Why the Zanchetta case matters for the Church

Why the Zanchetta case matters for the Church

CNA

Published

Bishop Gustavo Zanchetta. / Diocesis de Orán

Vatican City, Mar 11, 2022 / 10:35 am (CNA).

The Vatican made no public comment when Bishop Gustavo Óscar Zanchetta, an Argentine prelate closely associated with Pope Francis, was sentenced to four and a half years in jail for sexually abusing seminarians on March 4. A week later, it still hasn’t.

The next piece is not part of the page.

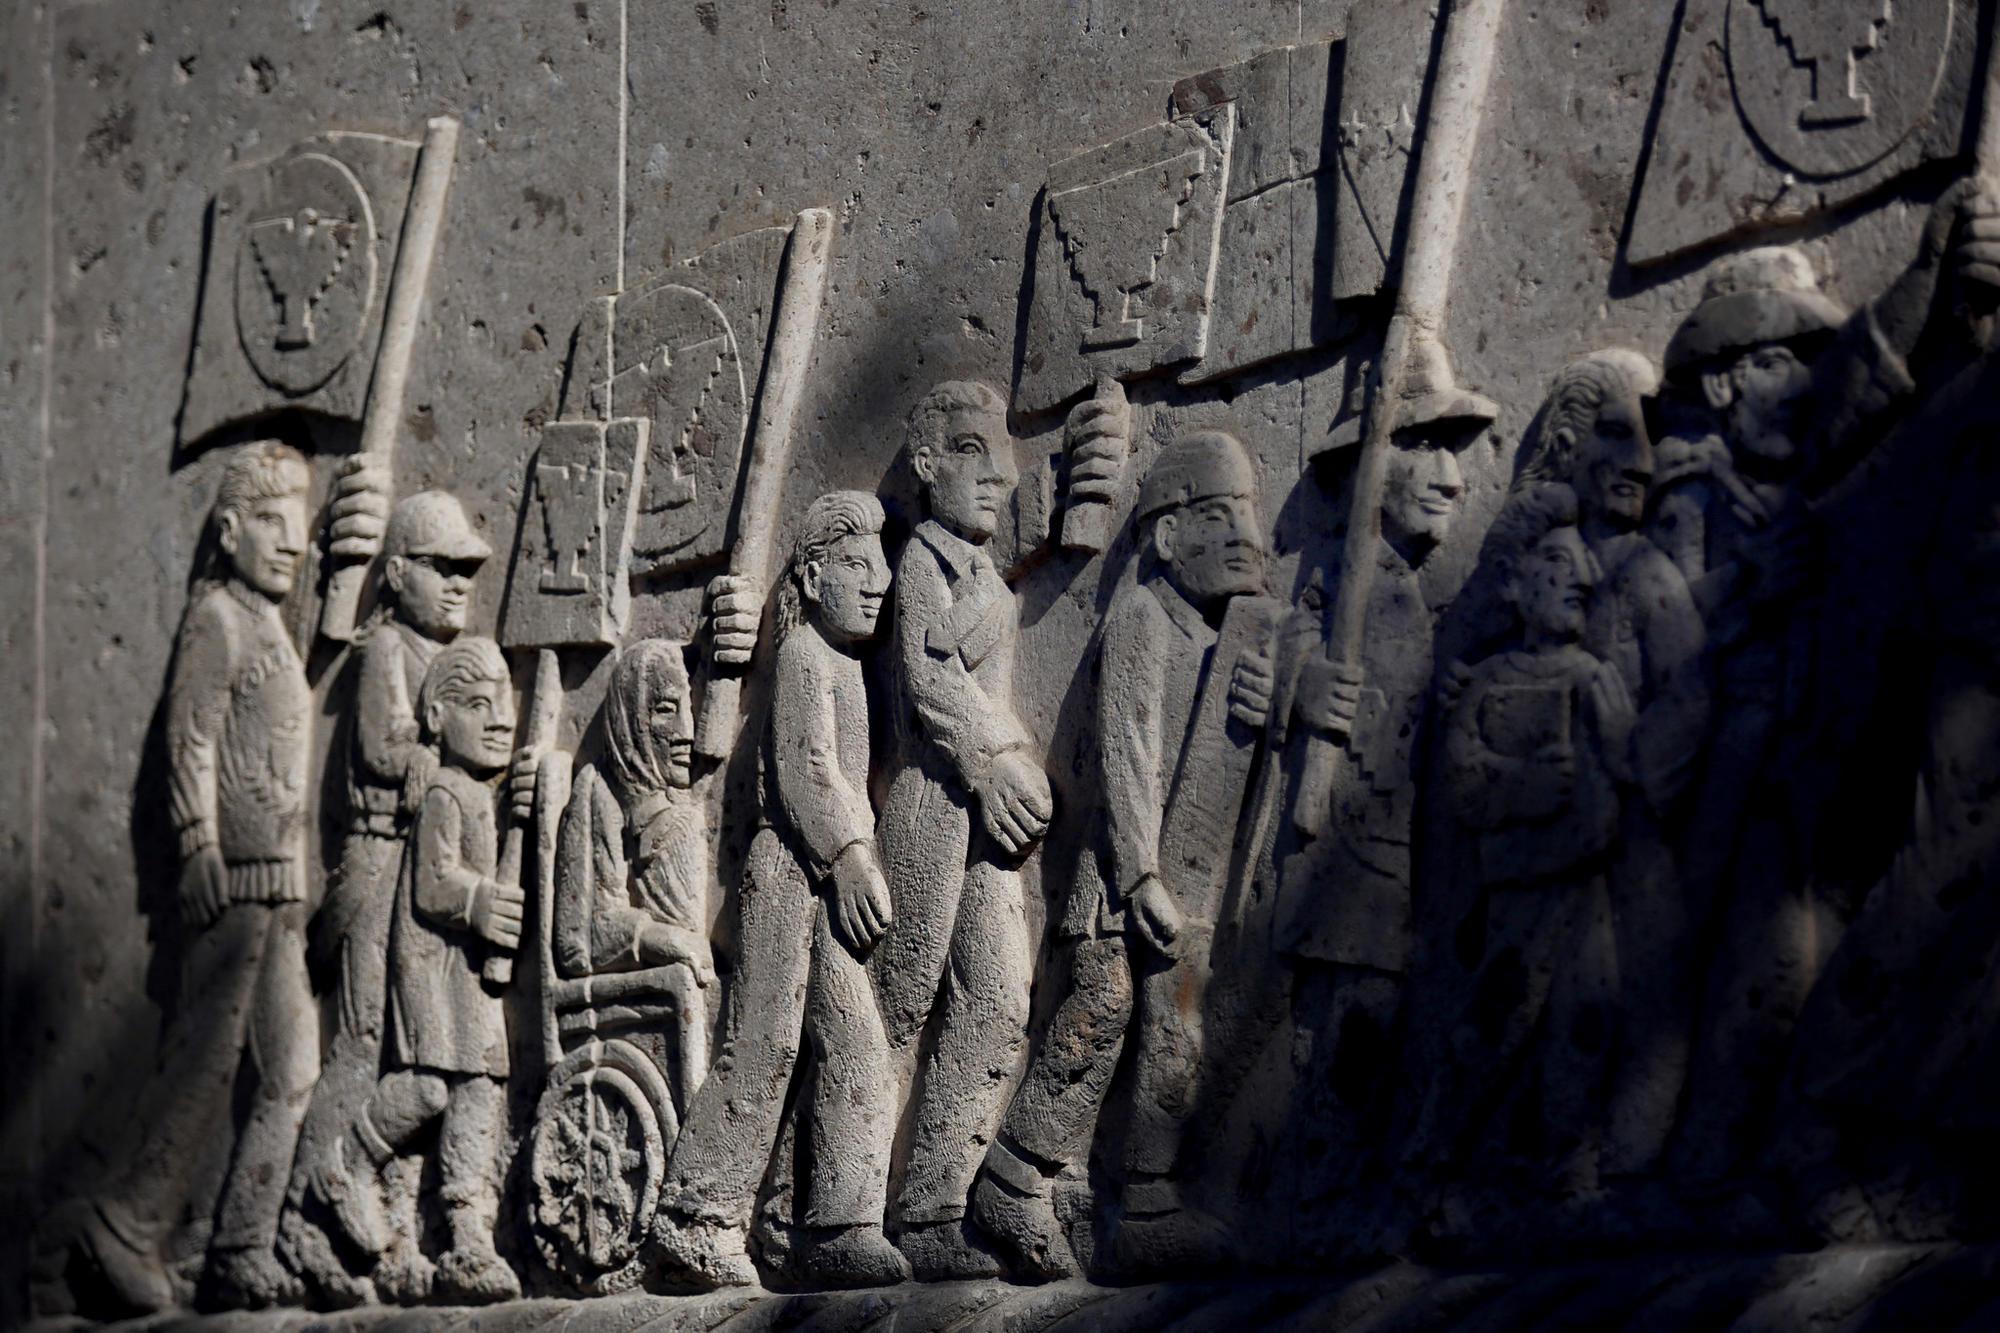 César E. Chávez National Monument

There are two possible reasons for the Vatican’s silence. First, because a canonical trial of Zanchetta is still open and the Vatican plans to comment only once it is concluded. Second, because the bishop intends to appeal against the court judgment. The Holy See has previously waited for the results of an appeal before issuing a public response.

Zanchetta was one of the first bishops appointed by Pope Francis after his election on March 13, 2013. Zanchetta was named bishop of Orán, in northwestern Argentina, on July 23 of that year, at the age of 49.

In the summer of 2017, he stepped aside as bishop, officially because of “a health problem” — or so he wrote in a letter to his flock, in which he said that he would soon undergo treatment.

The resignation was made official on Aug. 1, 2017, after Zanchetta had already left Argentina for Rome, where he lived in the Domus Sanctae Marthae, the Vatican hotel where Pope Francis resides.

On Dec. 19, 2017, the bishop was appointed assessor of the Administration of the Patrimony of the Apostolic See (APSA), the Vatican’s “central bank.”